A short-term resident of a nursing home and his wife brought medical negligence and loss of consortium claims against the nursing home in court based on injuries the resident sustained after falling several times during his stay at the nursing home. The nursing home sought to compel arbitration as set forth in the admission agreement.

The Superior Court (J.D. New Haven) found that the nursing home presented sufficient evidence that the arbitration provision was enforceable. For example, a nursing home employee read the arbitration provision to him before he signed. The court found this relevant in negating the plaintiffs’ assertion that the resident was on multiple medications and in an “uncertain mental condition” when he signed the admission agreement and that he had already fallen twice at the time he signed it. Other claims brought by the plaintiffs asserted that the arbitration provision did not comply with federal law (42 CFR §483.70(m)), which prohibits a nursing home resident from signing an arbitration agreement as a condition of admission or continued care and requires the facility to ensure that the agreement is explained in a form and manner that the resident understands. The plaintiffs also suggested that the failure of the nursing home to read or explain the agreement to the resident’s wife offended fairness because she had no opportunity to agree to or revoke it.

Ultimately, the court determined that the plaintiffs did not meet their burden of demonstrating that there was an issue as to the making of the agreement to arbitrate. It found that the plaintiffs offered no evidence that the resident was incapable of understanding the agreement when he signed it or that the manner in which the nursing home employee read the agreement to the resident rendered the resident unable to understand it. The court also rejected the plaintiffs’ argument that the nursing home had a duty to provide the resident’s wife with an opportunity to reject the agreement.

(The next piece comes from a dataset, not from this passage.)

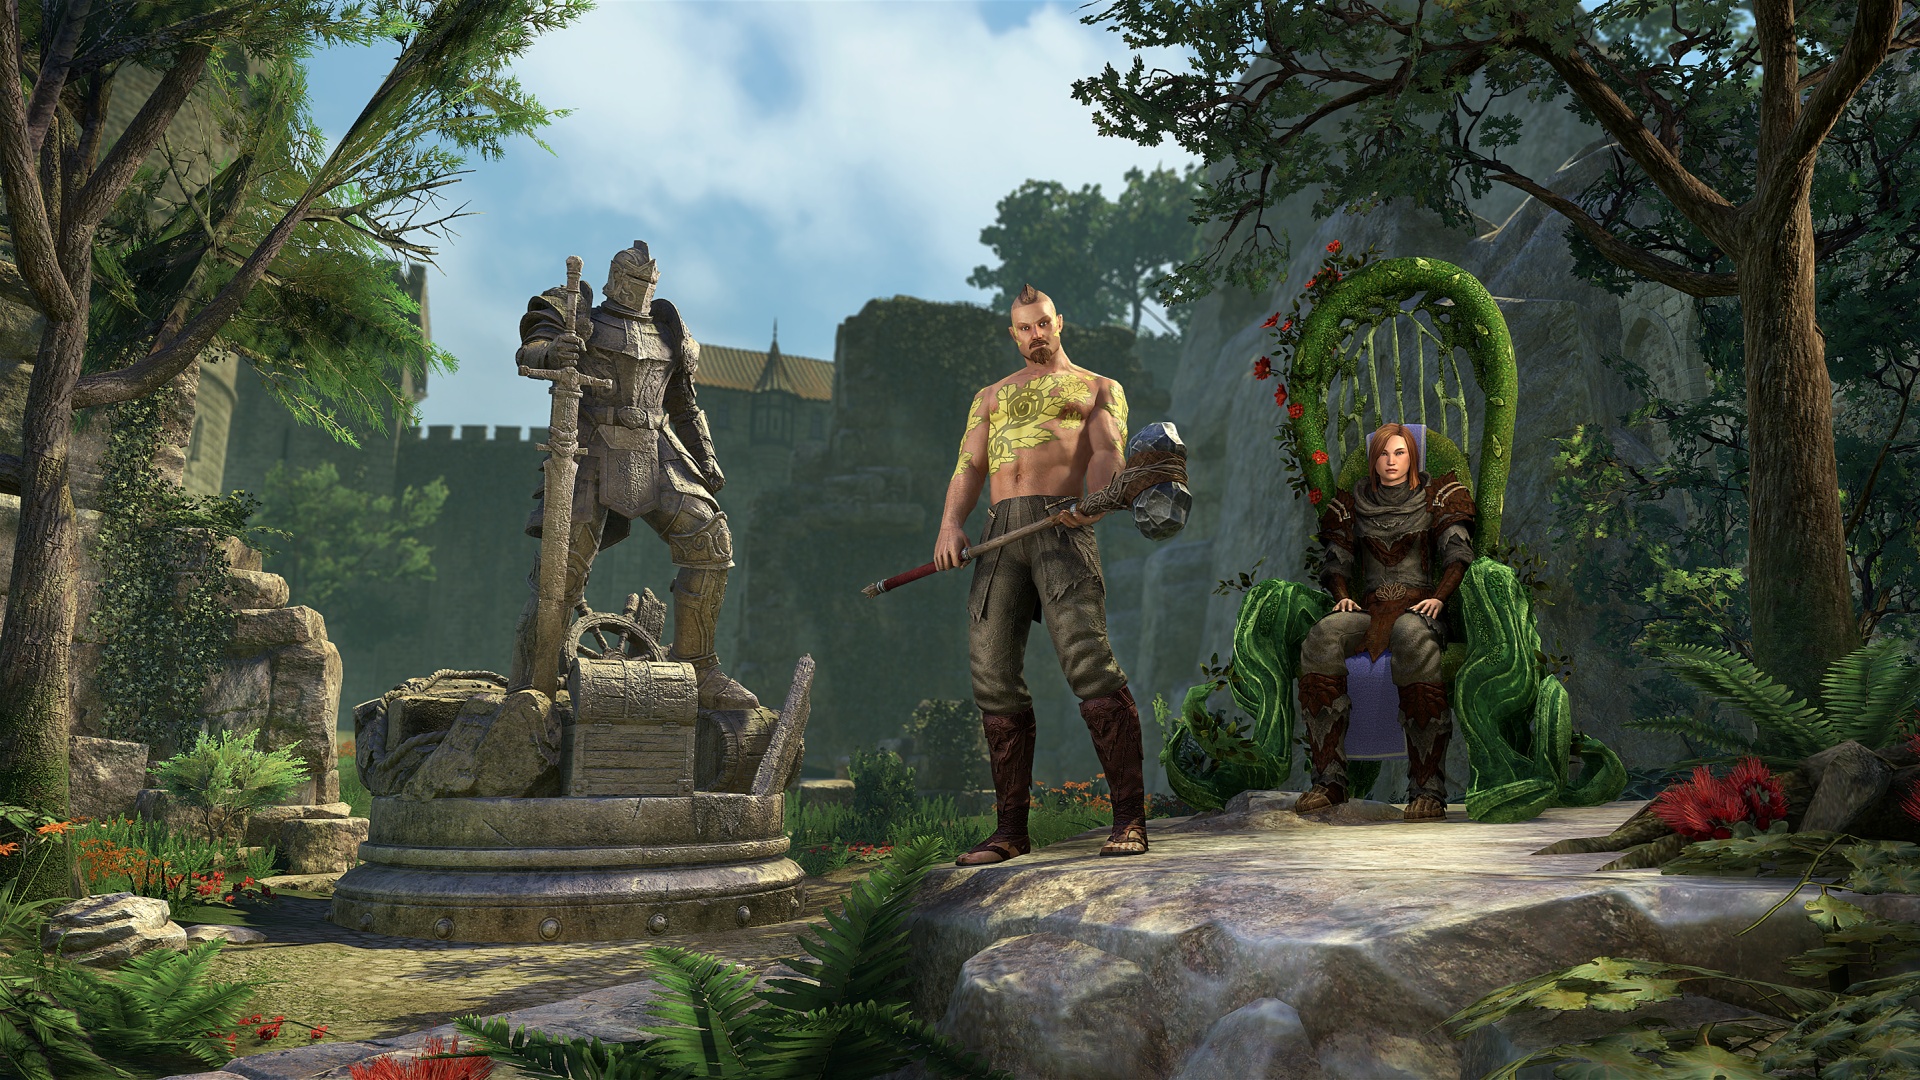 Work Together to Unlock Special Rewards During Elder Scrolls Online’s Heroes of High Isle Event

Casson v. Meriden Care Center, LLC, 2025 WL 1565065 (May 28, 2025).

While the facts of this case would seem, at first glance, to weigh in favor of the plaintiffs given that the resident had fallen twice by the time he signed the arbitration provision, this case illustrates that arbitration agreements are generally favored by courts in Connecticut as a means of avoiding the formalities, delay and expense of litigation.